R and I had a big massive fight last weekend; just like a big buildup. Kinda the thing where we're both building up resentment about things and then it explodes? I've always tried to not build things up silently, because I feel so sorry for guys when their girlfriend is suddenly mad and they have no idea why. So I've always tried to make sure R knows what I think/feel about things... but then I get into this nagging habit that I kinda notice, but it feels justified cuz he's not living up to my expectations. Which happens, because he's busy and tired as well. And the more I nag, the more he resents that and gets less motivated to fix anything. So I realize I'm nagging, and I stop, but then I let everything build up and get really upset one day, and then he gets upset, and it's just a big mess. It's hard when you're both stressed, to keep finding the fun in each other and the quality core of what you have. I think we're getting better and better at not demanding too much of the other person; I always want him to take me on dates but I'm realizing that he likes it if I take HIM on dates too. Or I have to realize that sometimes dates will be few and far between... which kinda sucks. As a girl, we all want to be taken out in public - like to show that he WANTS to take us out in public, right? But he's more of a quieter guy - if he has been out with friends already a lot in the week, he wants to just sit at home with me. But I want to go out, because to me it doesn't feel draining to go out when it's just us.

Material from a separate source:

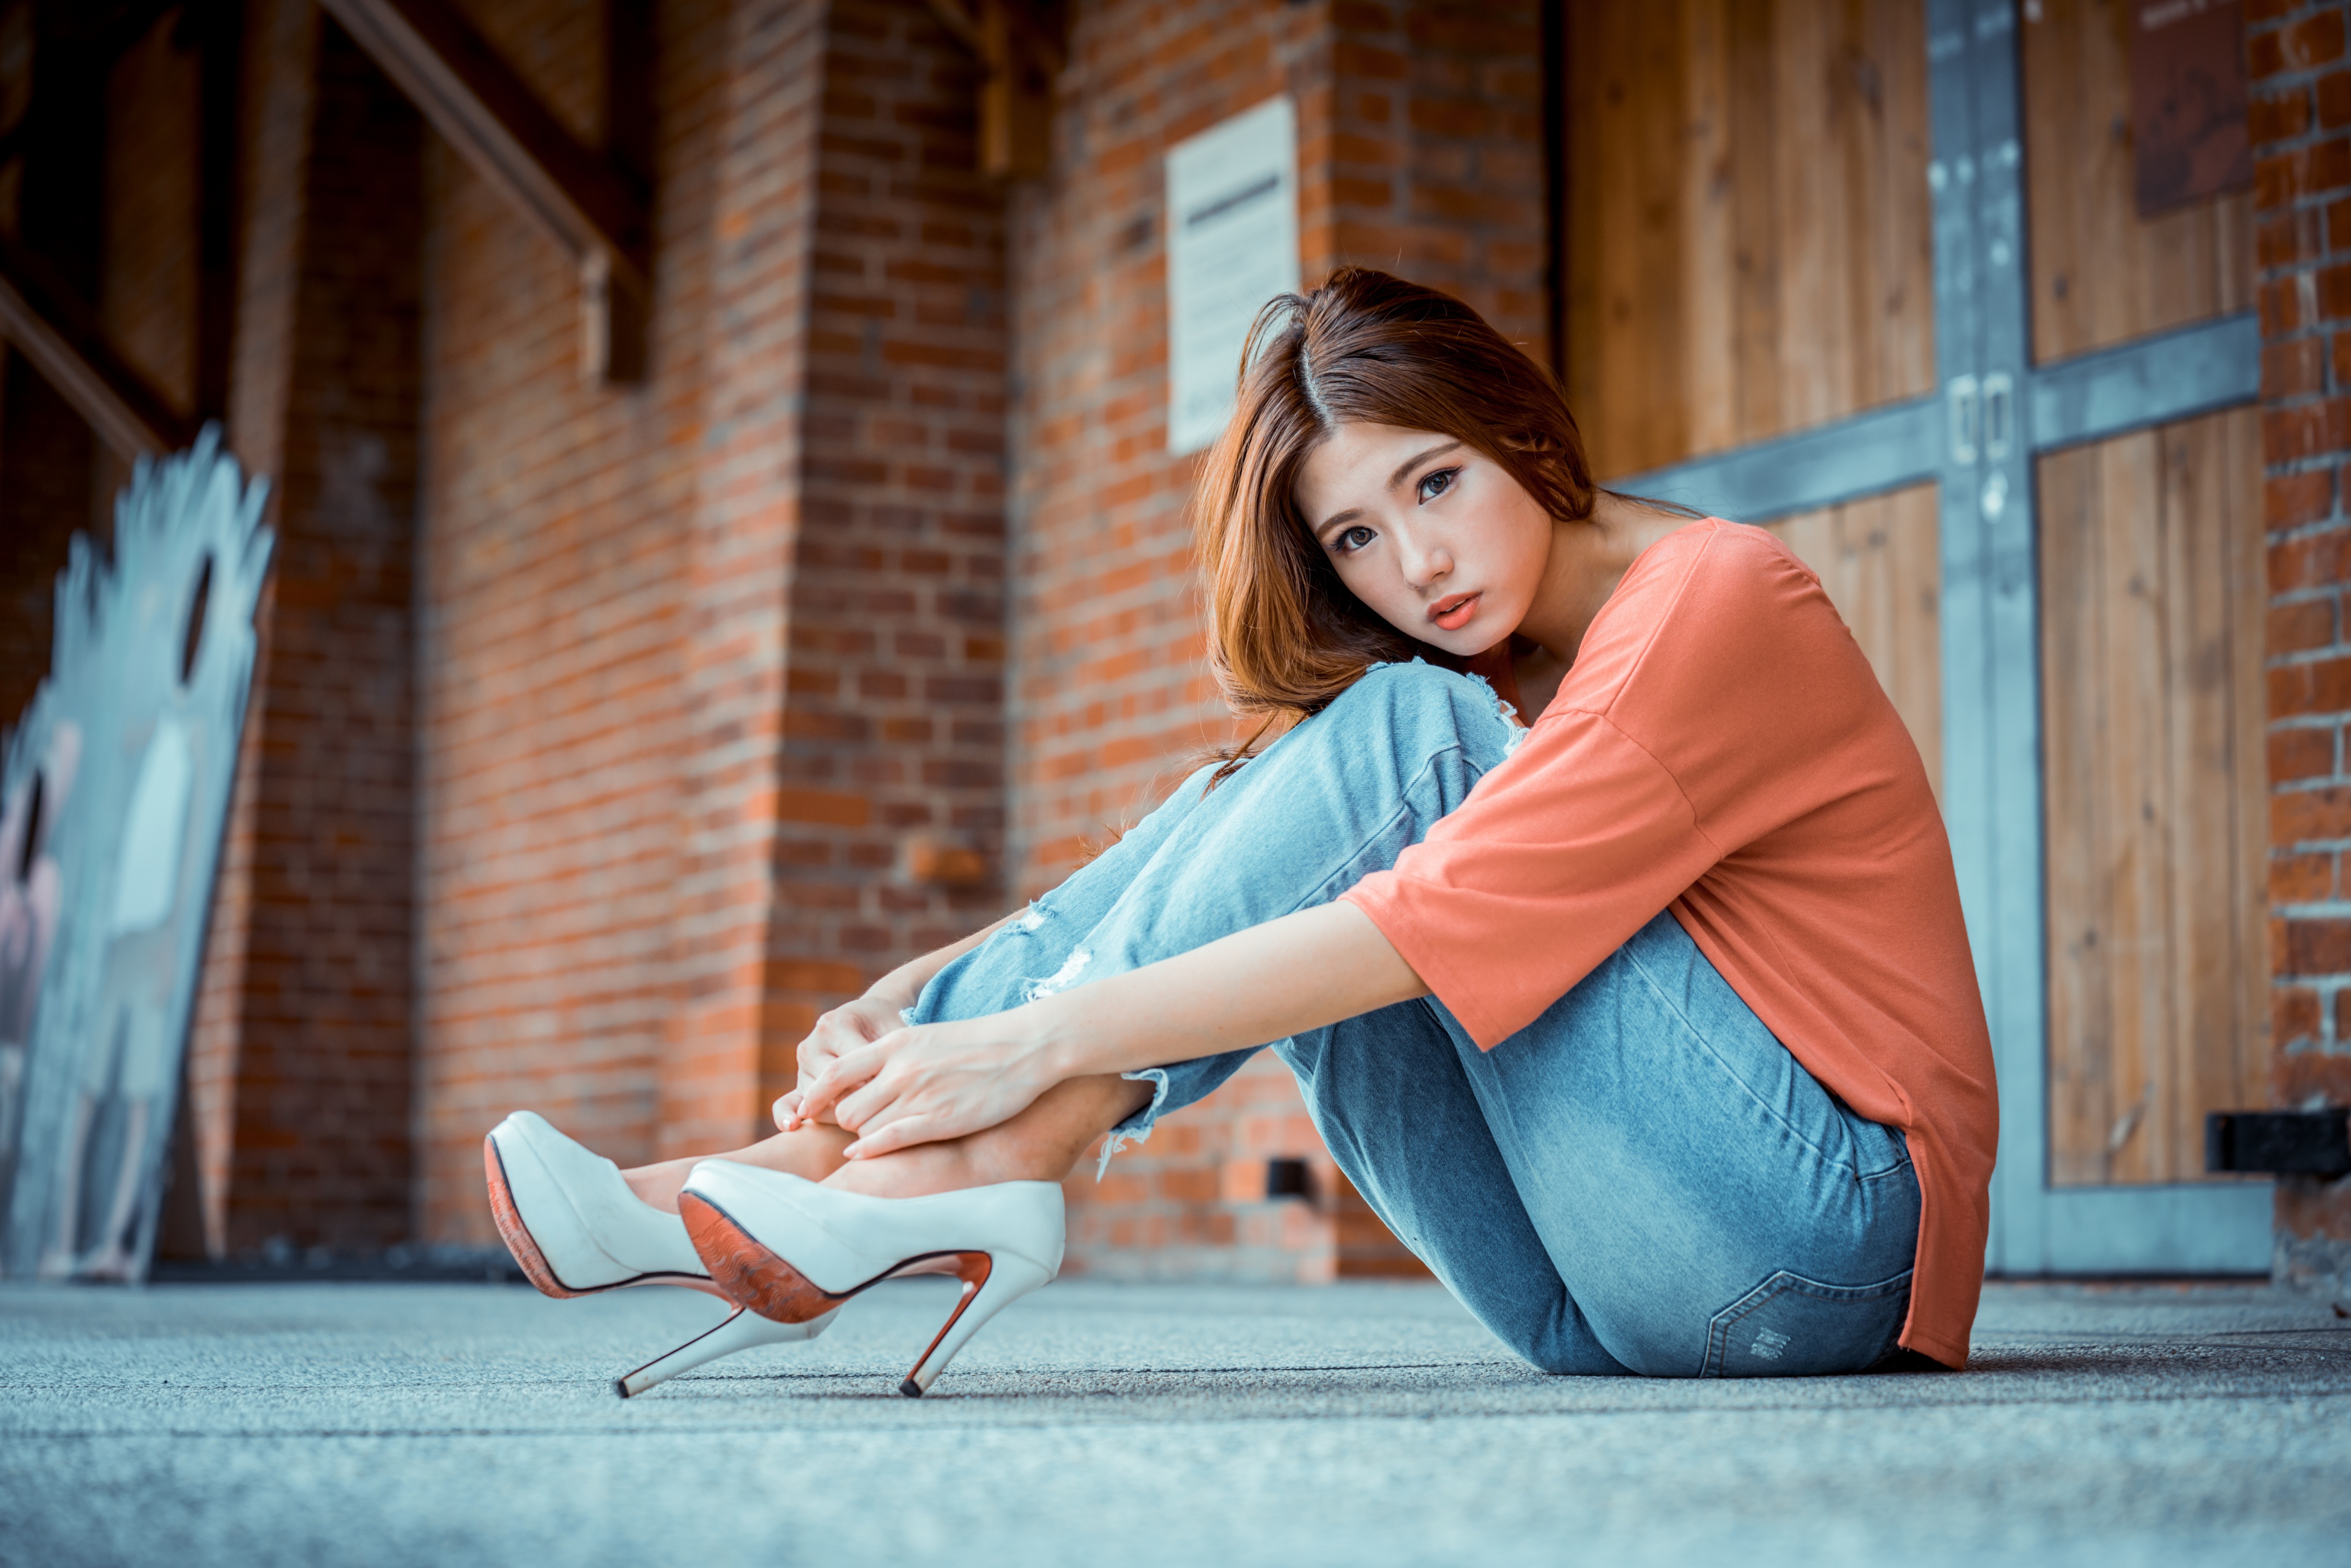 Model Red Lipstick Asian Orange Tops Jeans High Heels Sitting On The Floor Women Outdoors 4500x3002

Anyway, since you really wanted to hear about all that...

Love you dear, keep in touch. Let me know about how your weekends are playing out lately. Also, any idea what I can write about for a pretty informal sociology paper? I'm supposed to take a situation in my life and analyze it, in terms of roles and identities and typification and ALL those fun concepts. I get a mental block as soon as I know I'm supposed to pick one... any little normal one will work fine but now I can't think of any.

Wednesday, November 01, 2006

Illegal entry

I'm in R's wood building, in the computer lab. I'm totally not allowed to be in here, because I am NOT a wood products processing student. But that is a-ok.

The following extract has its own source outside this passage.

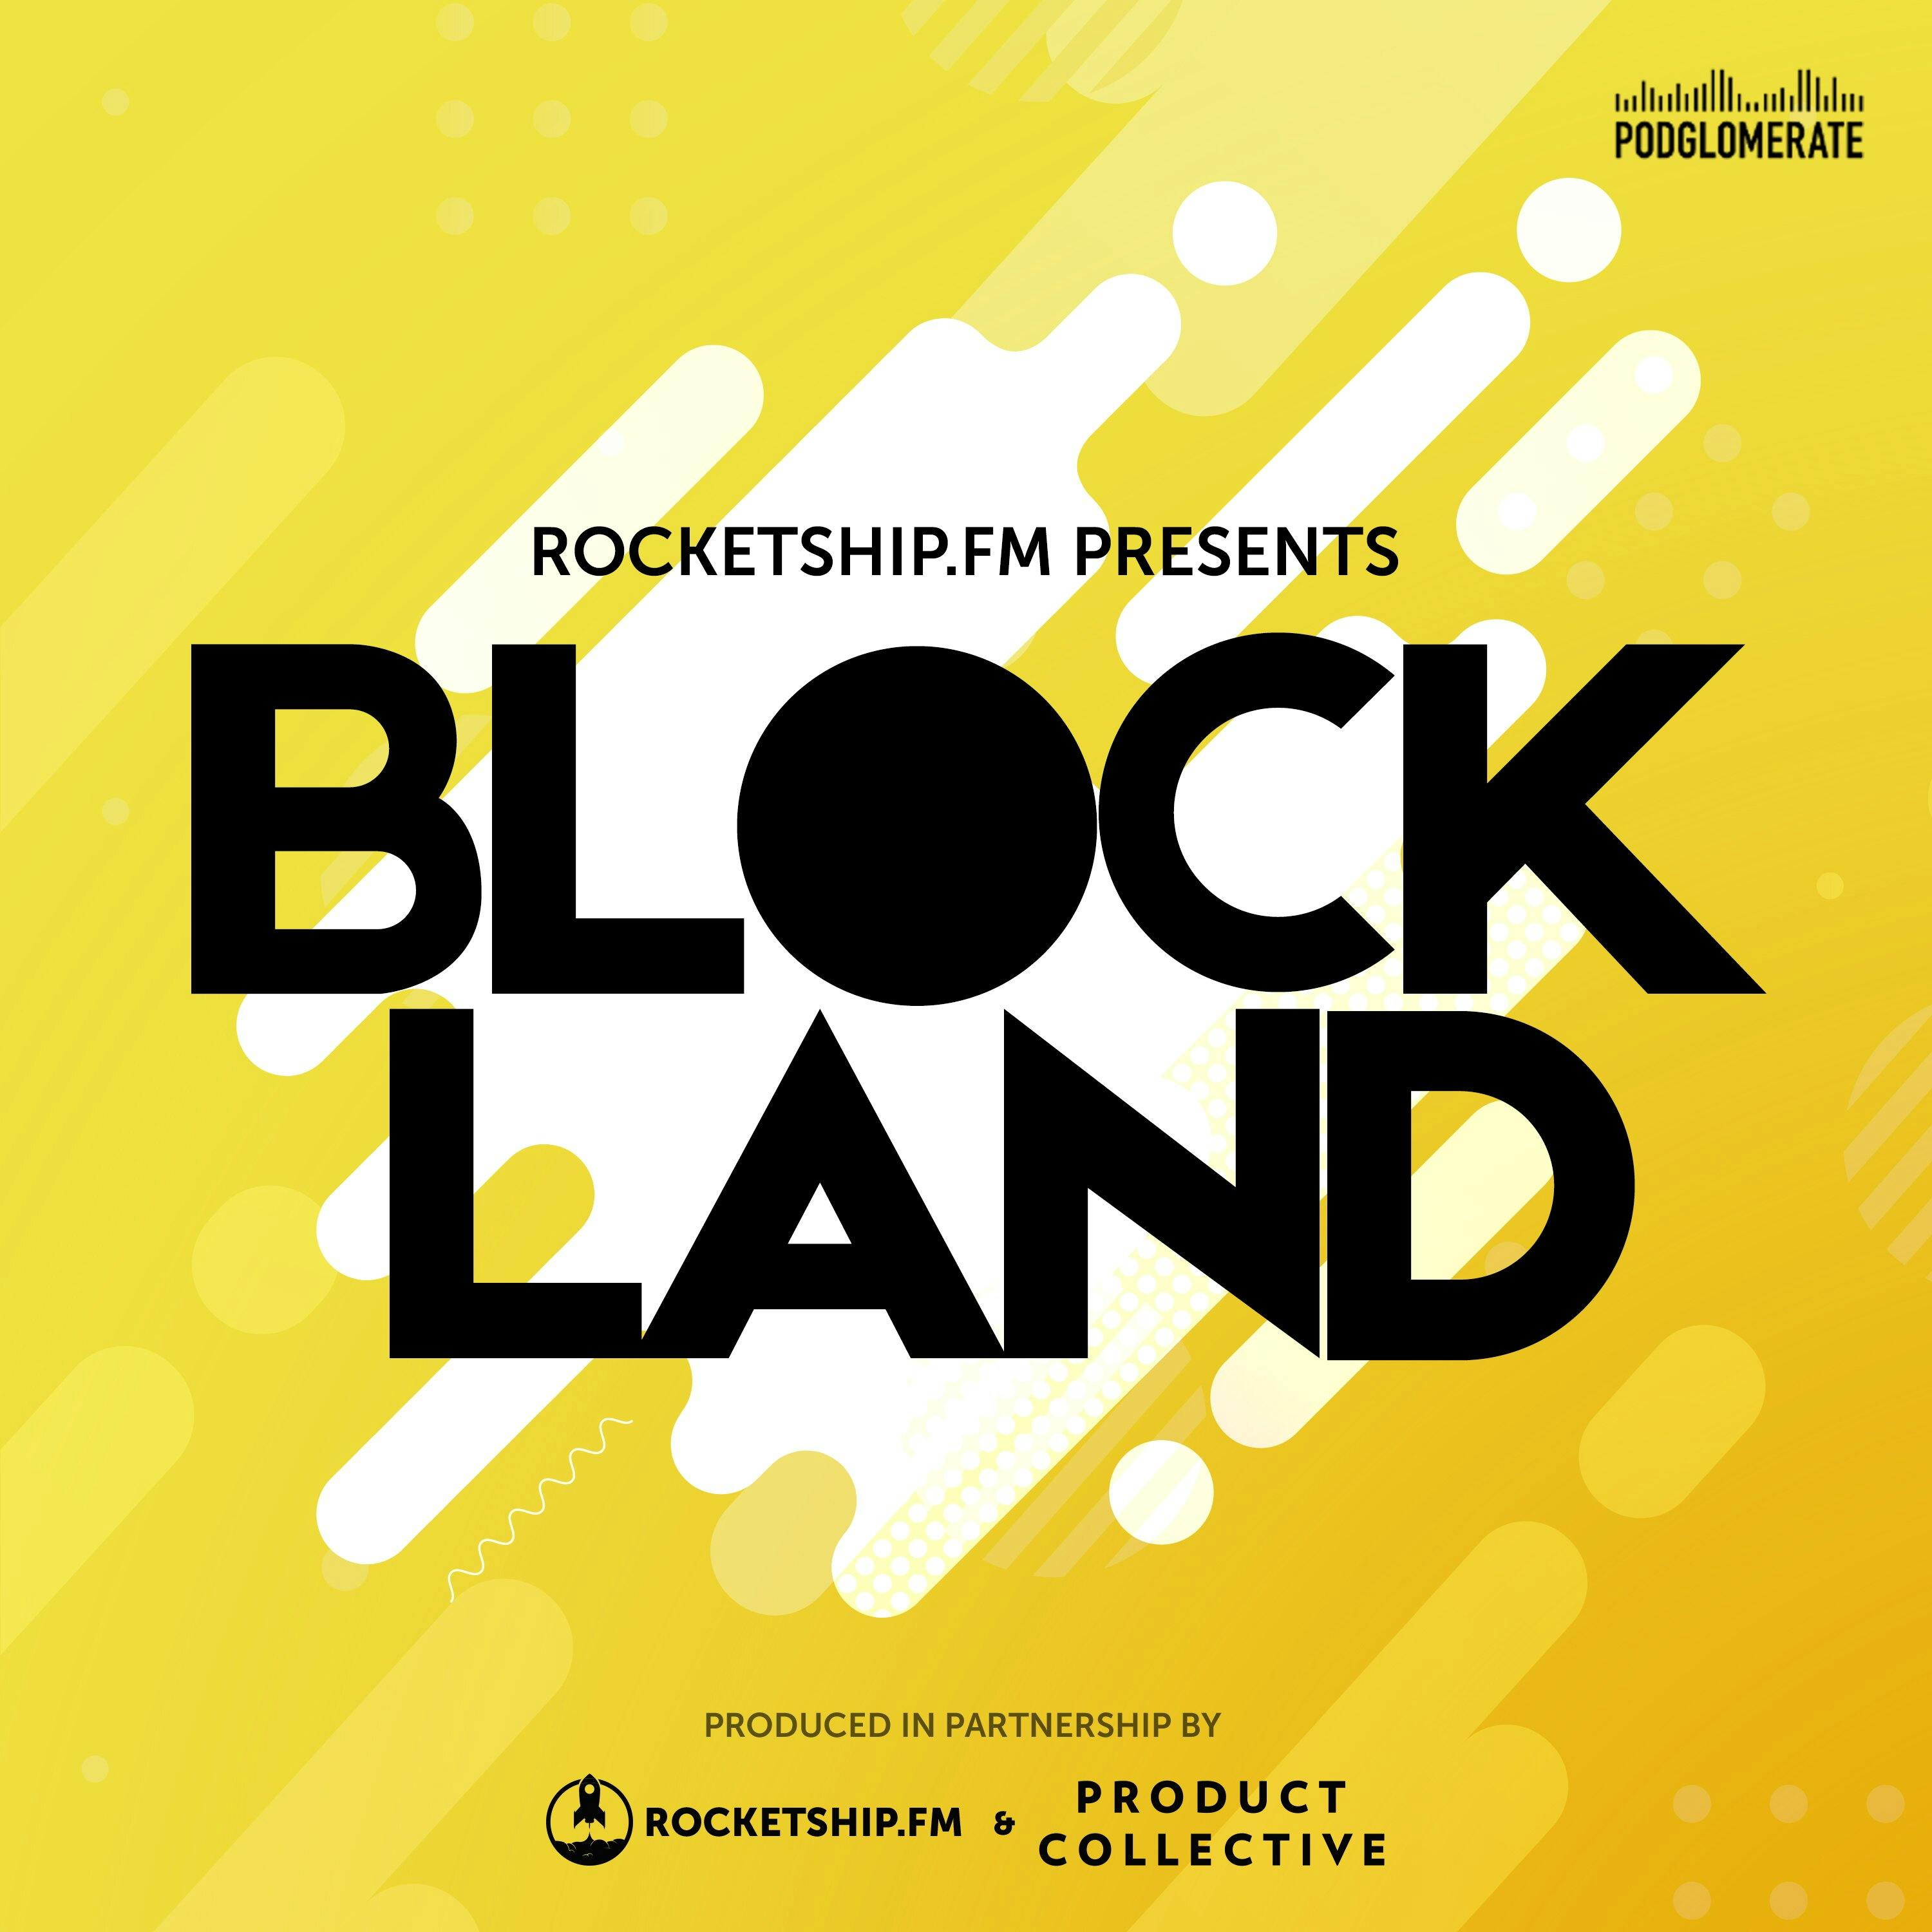 Blockland: Blockchain today

I sat at home almost all day today. It was wonderful. My sleep-in morning of the week.

EXCEPT for the 8 am wrong number phone call. I HATE everybody that phones me looking for "Ayla." It's a new phone, for crying out loud! I was so polite at first but now I just hang up. I even get messages for her... I mean hello, my answering machine message says my name in it. It may sound like many things, but it does not sound like Ayla. I am not Ayla.

*sigh*. Takes up my minutes, which are better spent elsewhere.

Wrote an online quiz, and it crashed, and my benevolent instructor allowed me to write another one. So I had to come to campus. Hence the illegal computer lab.

I have nothing really of interest to write about. I went trick-or-eating last night, and I dressed up as a lumberjack. I had a beard. It was pretty sweet, and apparently convincing. I wore work boots that were 7 sizes too big for me, which was also fun. I love clomping around in big shoes; it's an excuse to make noise and have people laugh at you. Excellent.

Good luck to the NaBloPoMo'ers out there. Nov. 1... only 29 days left to go.